And, it added: “This year’s report notes that HNWIs turn primarily to wealth managers (30%), family (27%) and friends (22%) for advice on social impact opportunities and approaches. It also shows that of those HNWIs currently receiving social impact support from their wealth managers and firms, more than half (54%) want even more help in setting clear social impact goals, determining which investments will effect the most change, structuring their investments, and measuring the impact of their social efforts.”
According to Gilbert, there is no doubt that ESG investing will continue to grow, especially in the UK.
Last week, responsible investment research house EIRIS said it estimated that the amount of money invested in the UK’s green and ethical retail funds reached over £15bn in 2015, up from approximately £6bn ten years ago.
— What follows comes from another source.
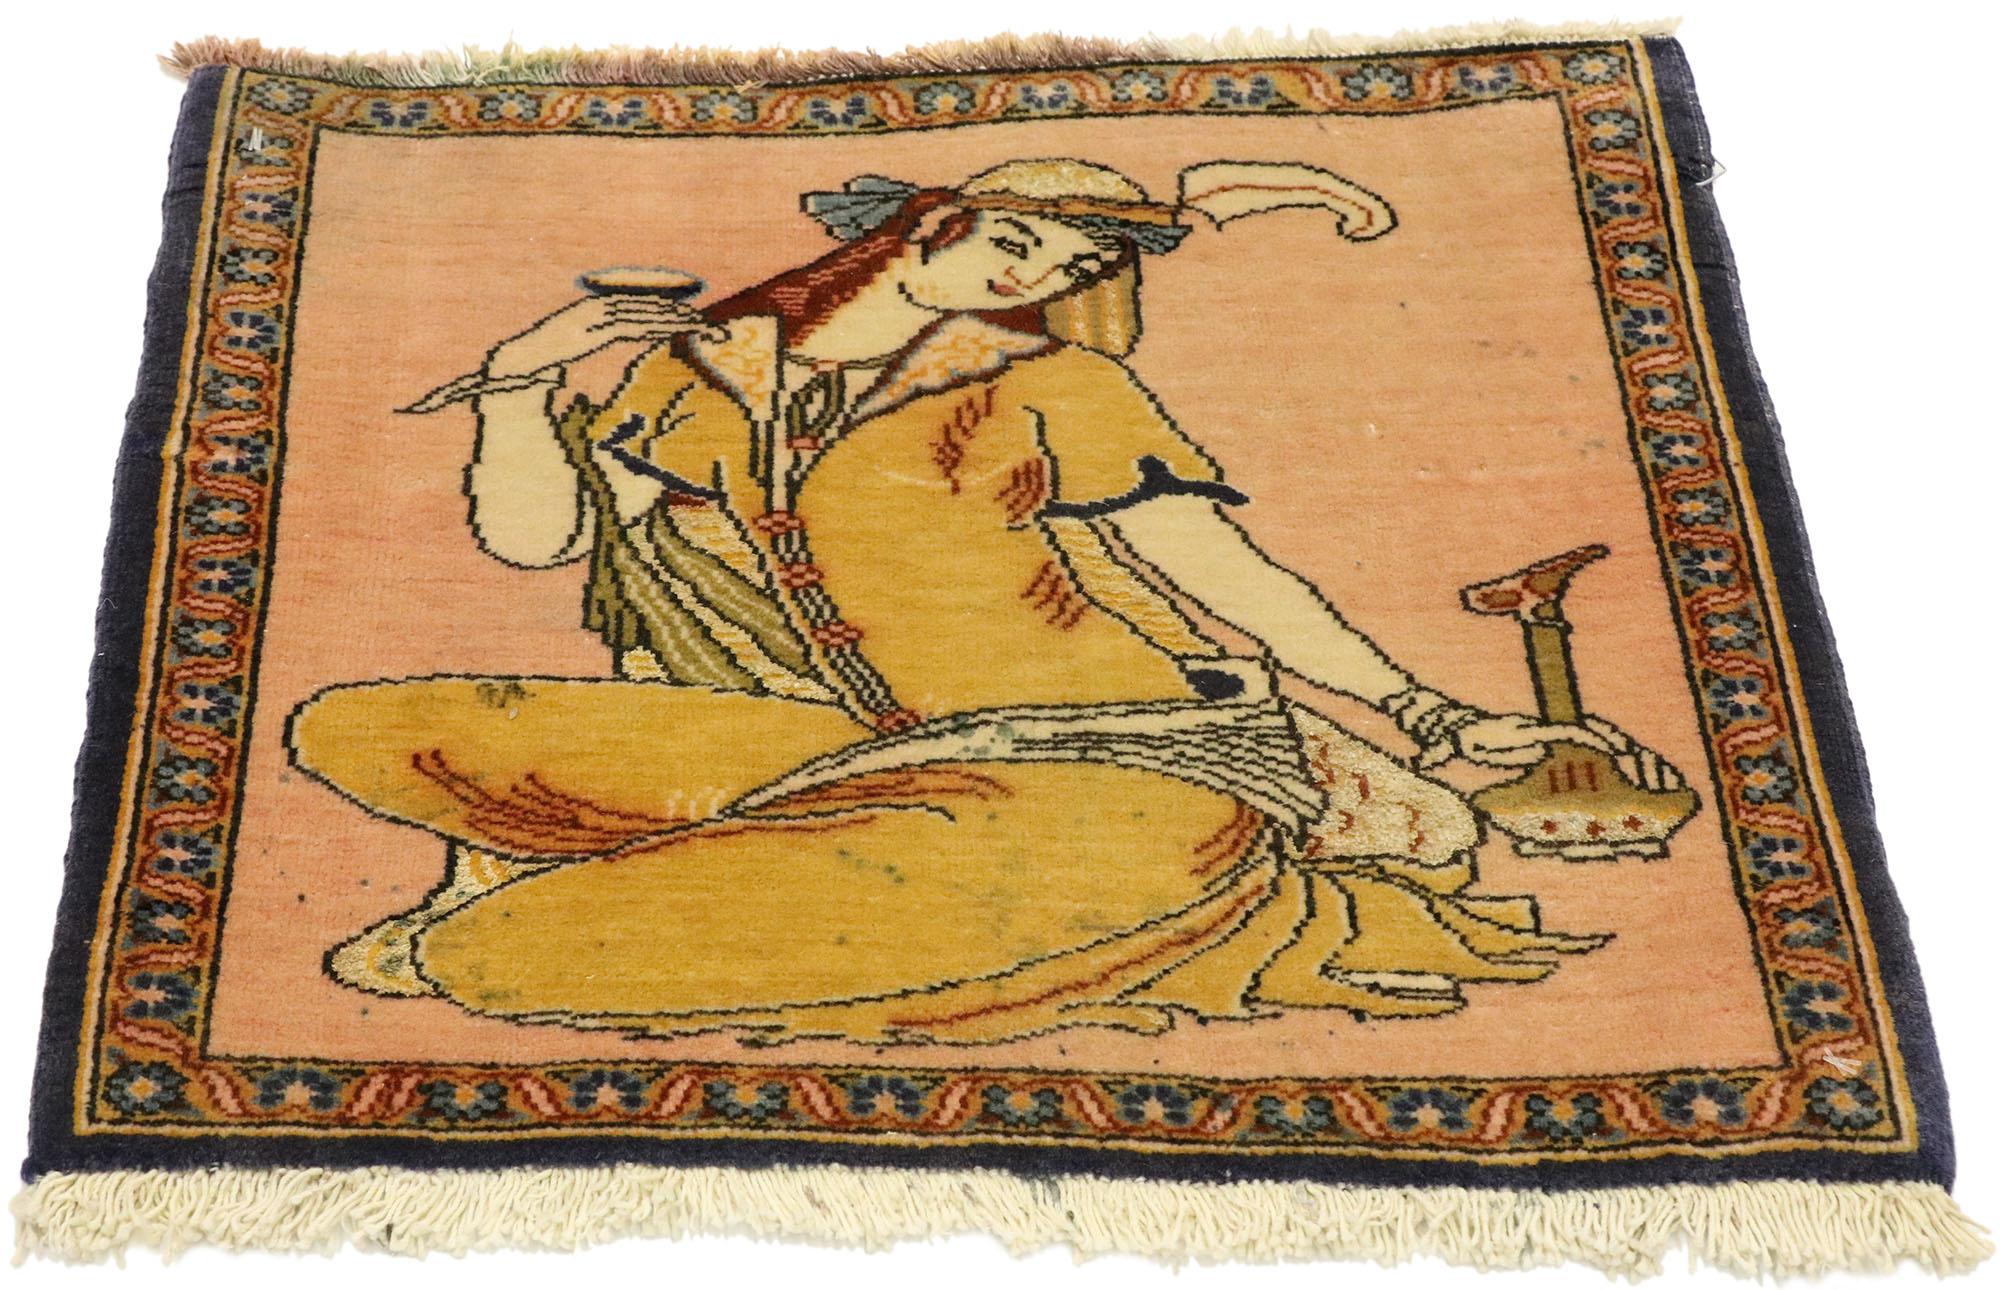 Modern Vintage Persian Khamseh Pictorial Rug with Dervish Scene, Persian Wall Hanging For Sale
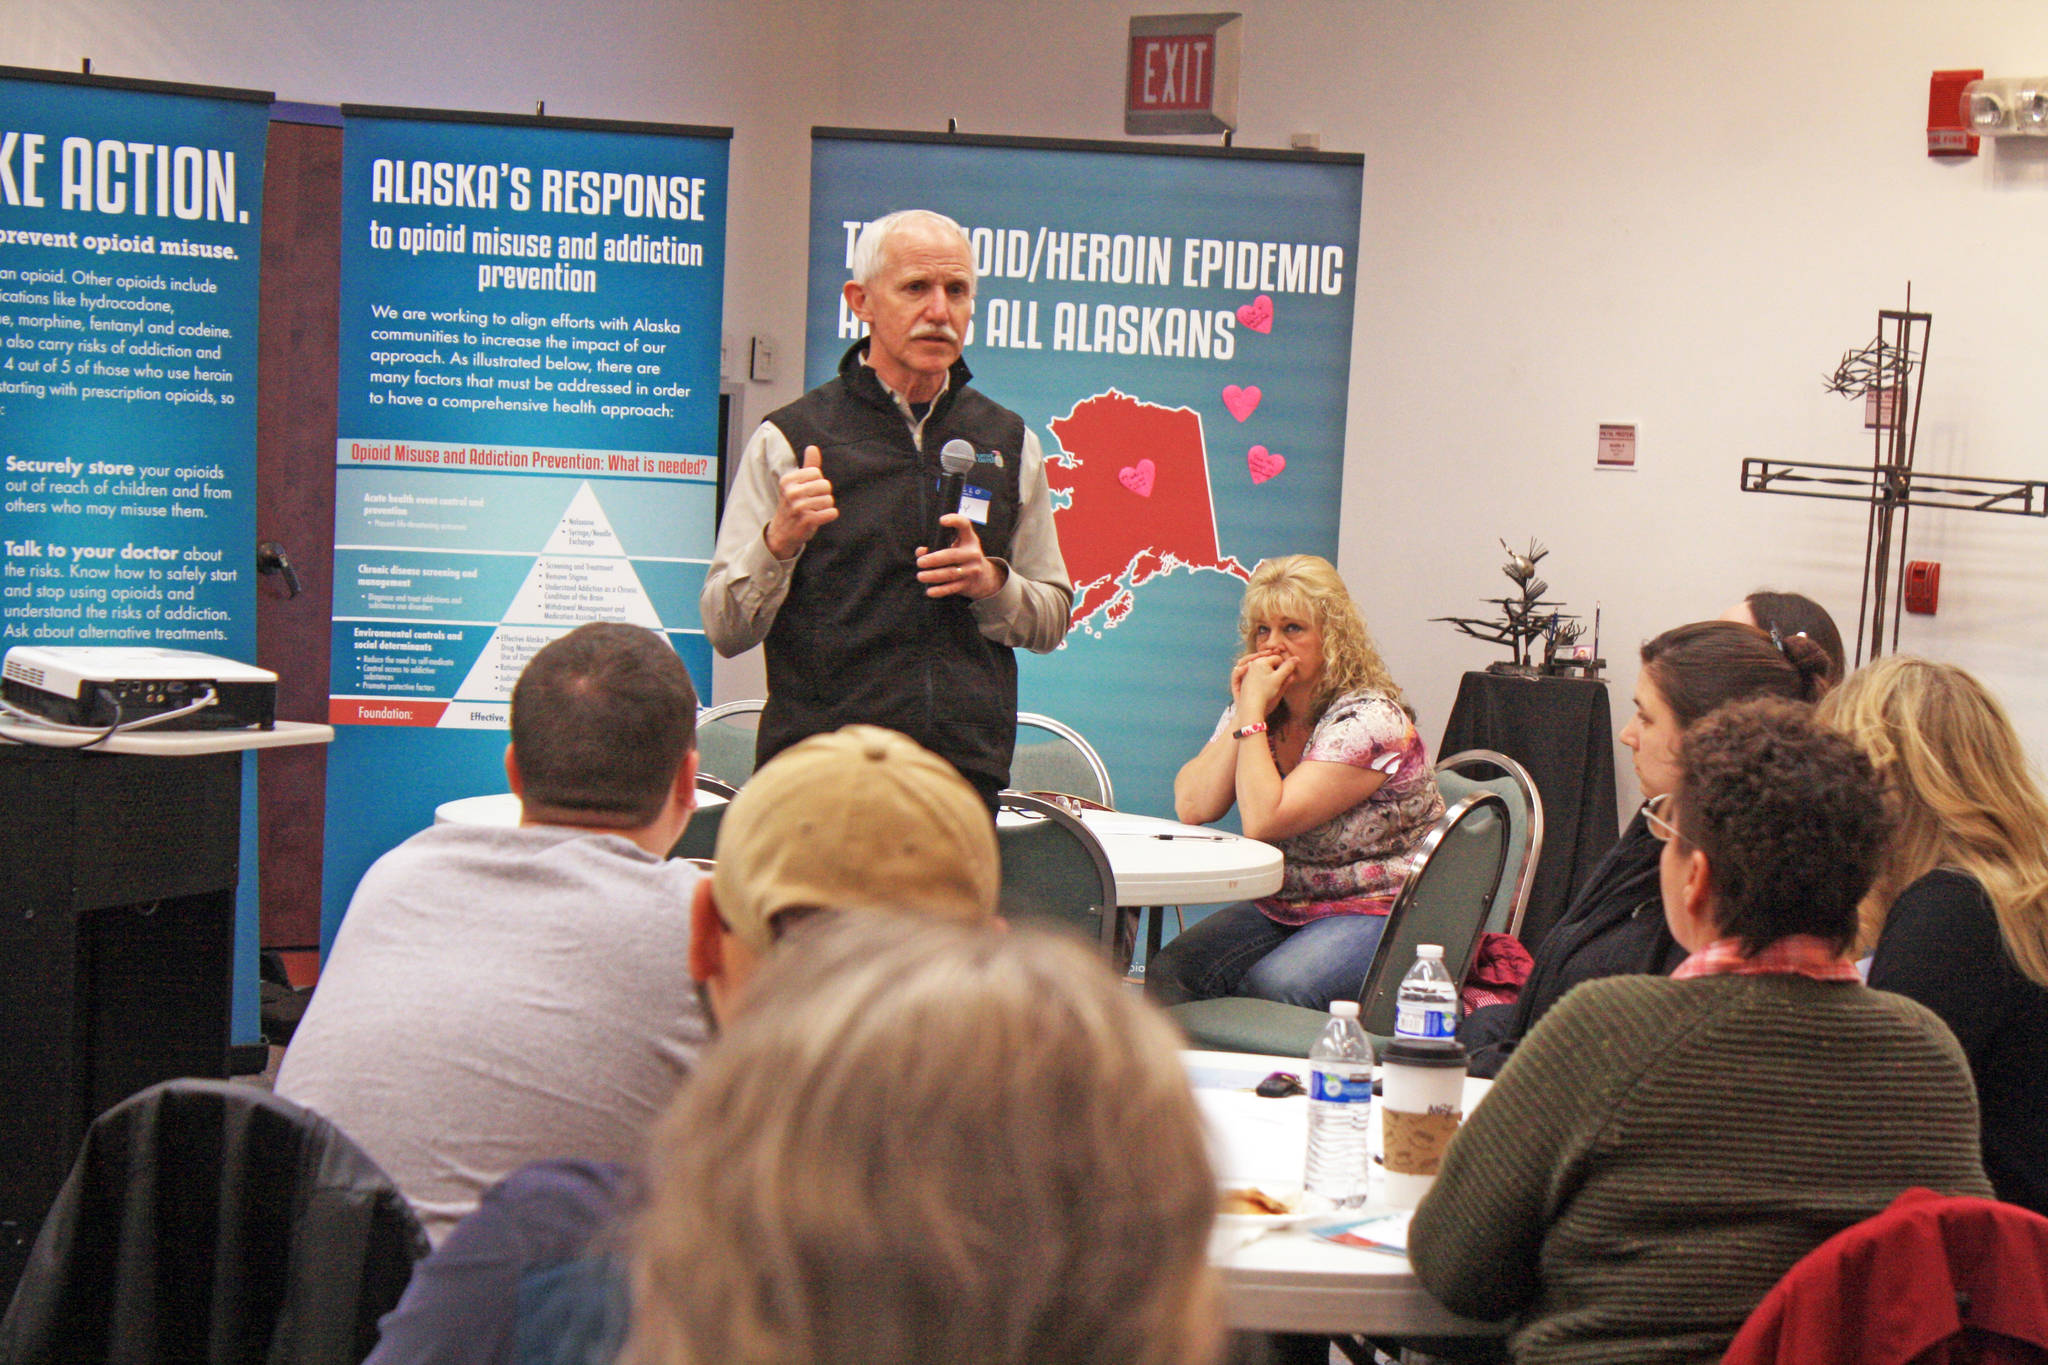 Jay Butler, chief medical officer for the Department of Health and Social Services, Division of Public Health, discusses the causes of the opioid crisis with members of the community at the Your Voice, Your Community forum on Thursday, March 8, 2018 at the Kenai Visitors and Cultural Center in Kenai, Alaska. (Photo by Erin Thompson/Peninsula Clarion)

And, while this is a significant jump, Gilbert pointed out that it remains significantly behind the US and Europe.
In the US, Gilbert said, as of 2014, there was around $5.67 trillion in ethical investments as at 2014, while in Europe that figure was around €108bn.
“The UK is way behind,” Gilbert said, but added that the demand was there.
To back this up, he pointed to a 2011 EIRIS IPSOS survey of 1,030 adults in the UK. 38% said they were interested in green or ethical financial products and services. Of those interested, 90% said they would be likely to switch to a different provider if it offered green or ethical investment products, the survey reported.
There is a significant gap between that 38% number and the roughly 1% of the UK space that is currently invested in ethical funds, but, if the views expressed above come to fruition, it certainly looks likely to close.
But, it will only do so, if clients are aware of what their options are, which is where the wealth management community comes in. And, in a world where everyone is looking for clients, ensuring that you are providing the services clients increasingly want becomes ever more important.